Паспорт, серия, номер, выдан. Самгина Екатерина Михайловна. Двадцать пять лет. Прописана… В Санкт-Петербурге прописана по адресу Каменноостровский, 43, любопытно!.. Невоеннообязанная, разведенная — уже успела! — выдан заграничный паспорт.
С фотографии на майора Вавилова смотрела распрекрасная красавица. Максим Вавилов взглянул дамочке в лицо.
Вот те на!.. И вправду распрекрасная красавица. Лучше даже, чем в паспорте, потому что на бумаге у нее вид надменный и неприступный, а в жизни встревоженный, и под глазами синяки.
Он протянул ей паспорт.
— А в Москву пожаловали, Екатерина Михайловна, чтобы специально по ночам прогуливаться?
— Что?
Она перестала заглядывать ему за плечо и посмотрела в лицо.

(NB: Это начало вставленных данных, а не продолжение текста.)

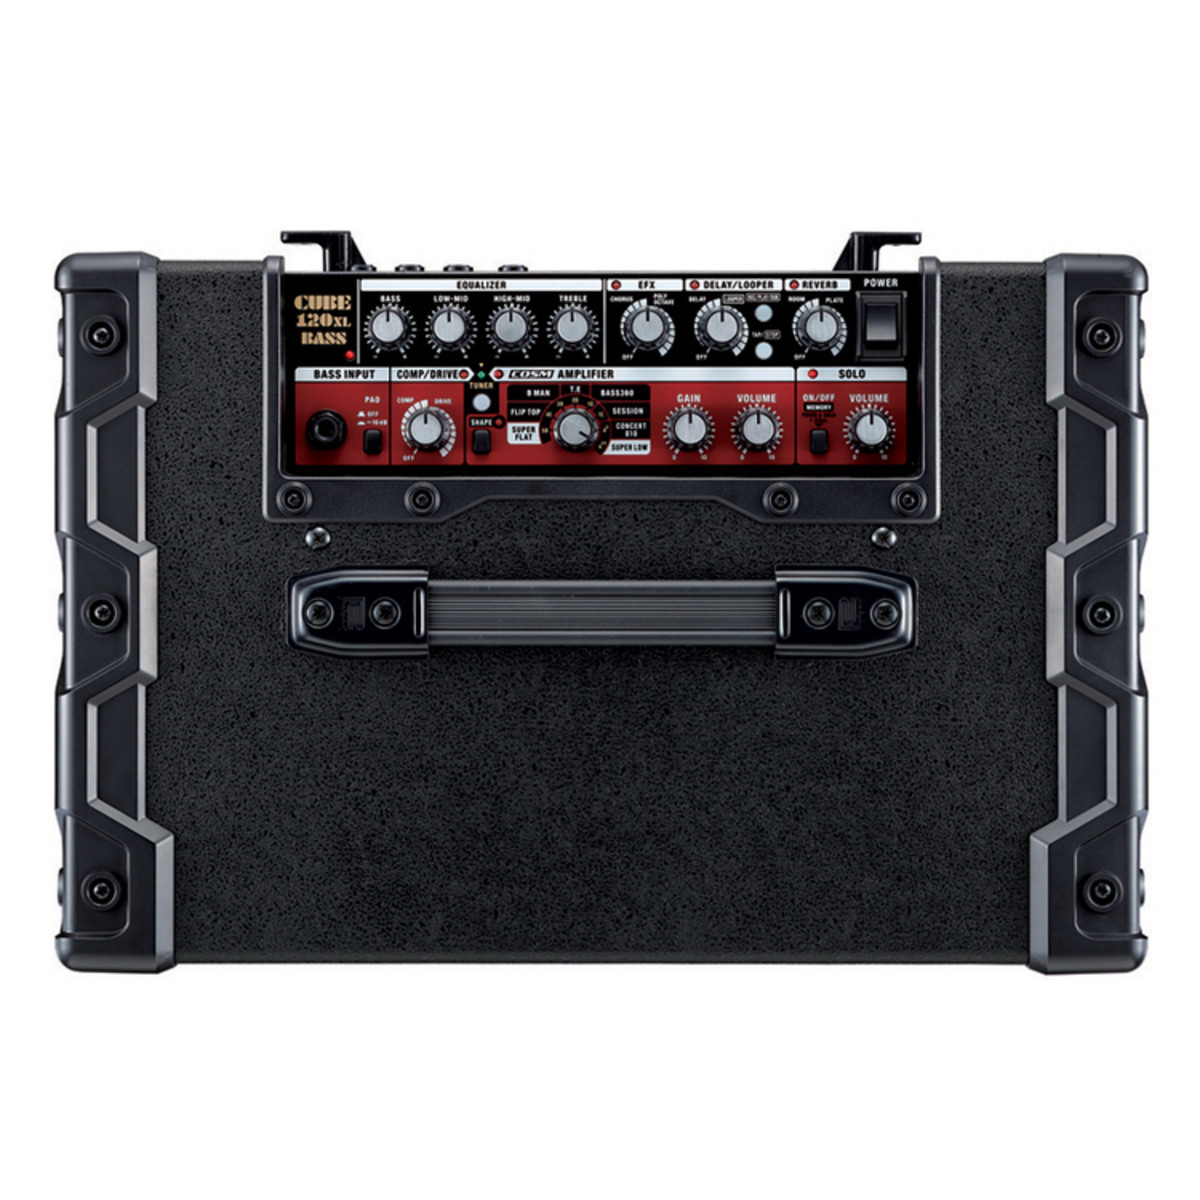 roland cube 120 xl bass amp at. Black Bedroom Furniture Sets. Home Design Ideas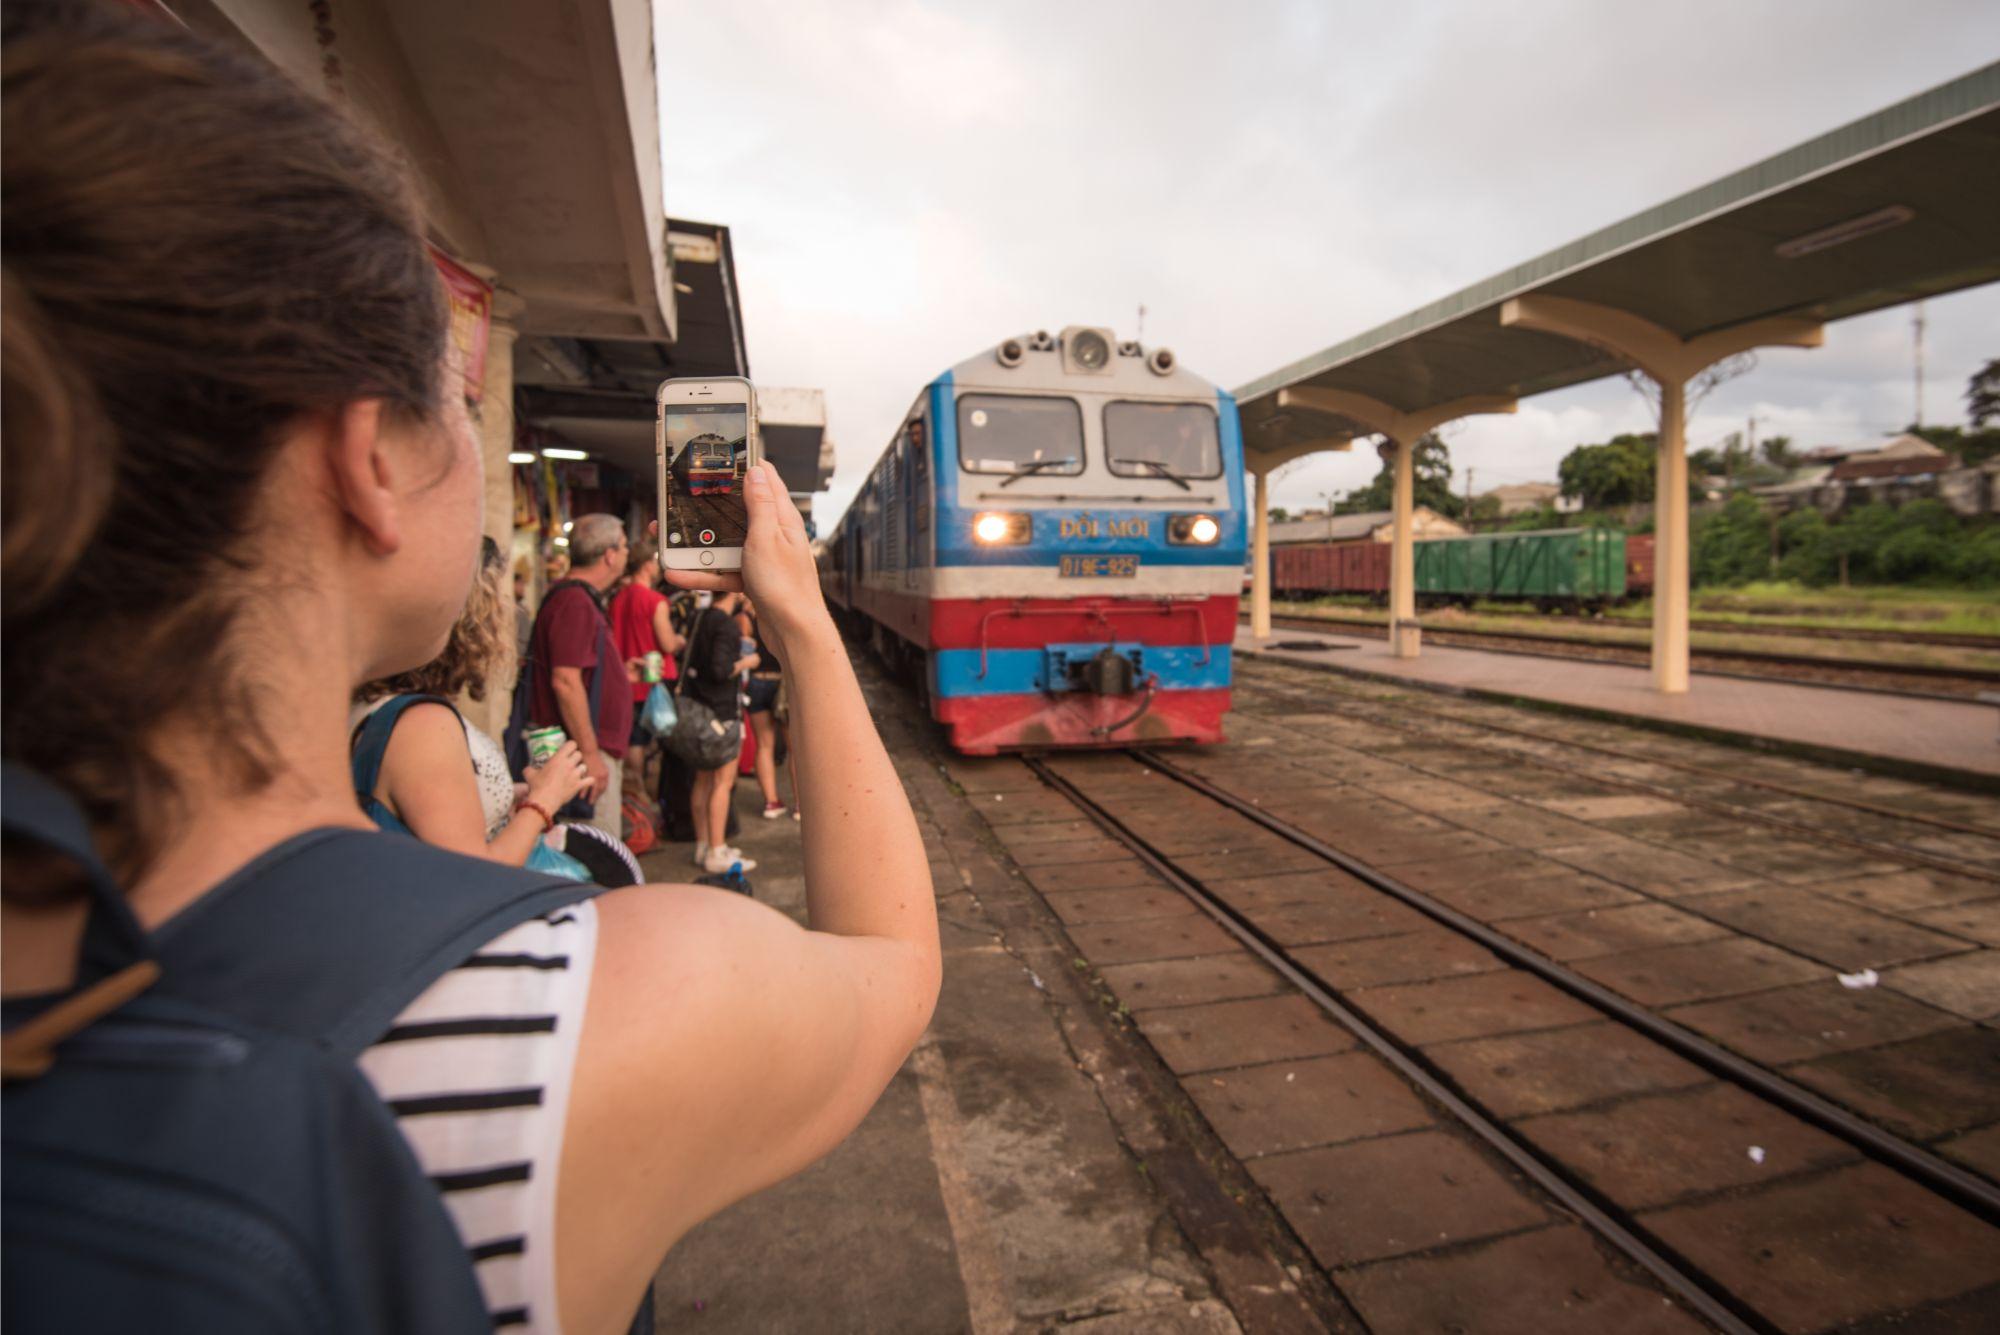 Vietnam_Hue_Train_4823.jpg

— Где труп, который вы нашли? — грубо спросил он. — Пойдемте, покажете!
Был у него такой способ оценивать всех женщин на свете — годится для того, чтобы завести с ней роман, или нет. Эта годилась.
Еще как, подумал он с некоторой печалью в свой адрес и даже вздохнул.
Утро туманное, утро седое. Нивы печальные, снегом покрытые. Кажется, будто…
— Вы понимаете, я возвращалась из Останкина, поймала машину. Водитель меня довез и высадил прямо под фонарем, видите?
— Он тут один, фонарь-то, — сказал Максим Вавилов. — Как не видеть?..
— Ну вот. Я отсчитала деньги, и он уехал, а я пошла к подъезду.
— Вы здесь живете?
— Снимаю. Я учусь здесь.
— В подъезде? — не удержался Максим Вавилов, но она не поняла. То ли была напугана, то ли вообще без чувства юмора.
— Да нет, почему в подъезде!
— Значит, в университете. Да?
— Нет, не в университете! Я учусь в Останкине, меня начальник на стажировку отправил, на Первый канал. Ах да! Я не представилась!
И с необычайной гордостью она вытащила из кармана долгополого сюртука, в который была наряжена, удостоверение и сунула его Максиму под нос, как только что он совал ей свое.
В удостоверении была еще одна фотка сказочной красоты и написано большими буквами, что Самгина Екатерина является сотрудником телекомпании такой-то.
— Очень хорошо, — похвалил Максим Вавилов и захлопнул ее удостоверение прямо у нее в ладони. Она удивленно посмотрела на свою руку. — Значит, вы учитесь в Останкине, а здесь снимаете. Бомбила вас привез, вы вылезли, и дальше что?
— И я пошла к подъезду. Вон, где ваши коллеги.., смеются.
Максим Вавилов оглянулся. Мужики рассматривали что-то у подъезда пятиэтажки, выходившей фасадом прямо на Сиреневый бульвар.
— Он под лавочкой лежал, понимаете? Как будто сидел и упал, и я сразу вам позвонила, как только поняла, что он.., неживой. Я сначала думала, что он сумасшедший или.., или… Я испугалась очень.
И тут она заплакала.
— Успокойтесь, успокойтесь, — равнодушно пробормотал Максим Вавилов. — Разберемся.
Прямо перед подъездом, ногами под щелястой крашеной лавкой, щекой на заплеванном асфальте, лежал труп. Даже в свете единственного фонаря было совершенно понятно, что это труп, он и в синеву уже немного пошел, из чего старший оперуполномоченный сделал вывод, что труп даже и не сегодняшний. Примерно позавчерашний такой труп.
И был он совершенно голый.
Екатерина Михайловна, питерская журналистка, издавала жалобные всхлипы, а Максим Вавилов вдруг сильно встревожился.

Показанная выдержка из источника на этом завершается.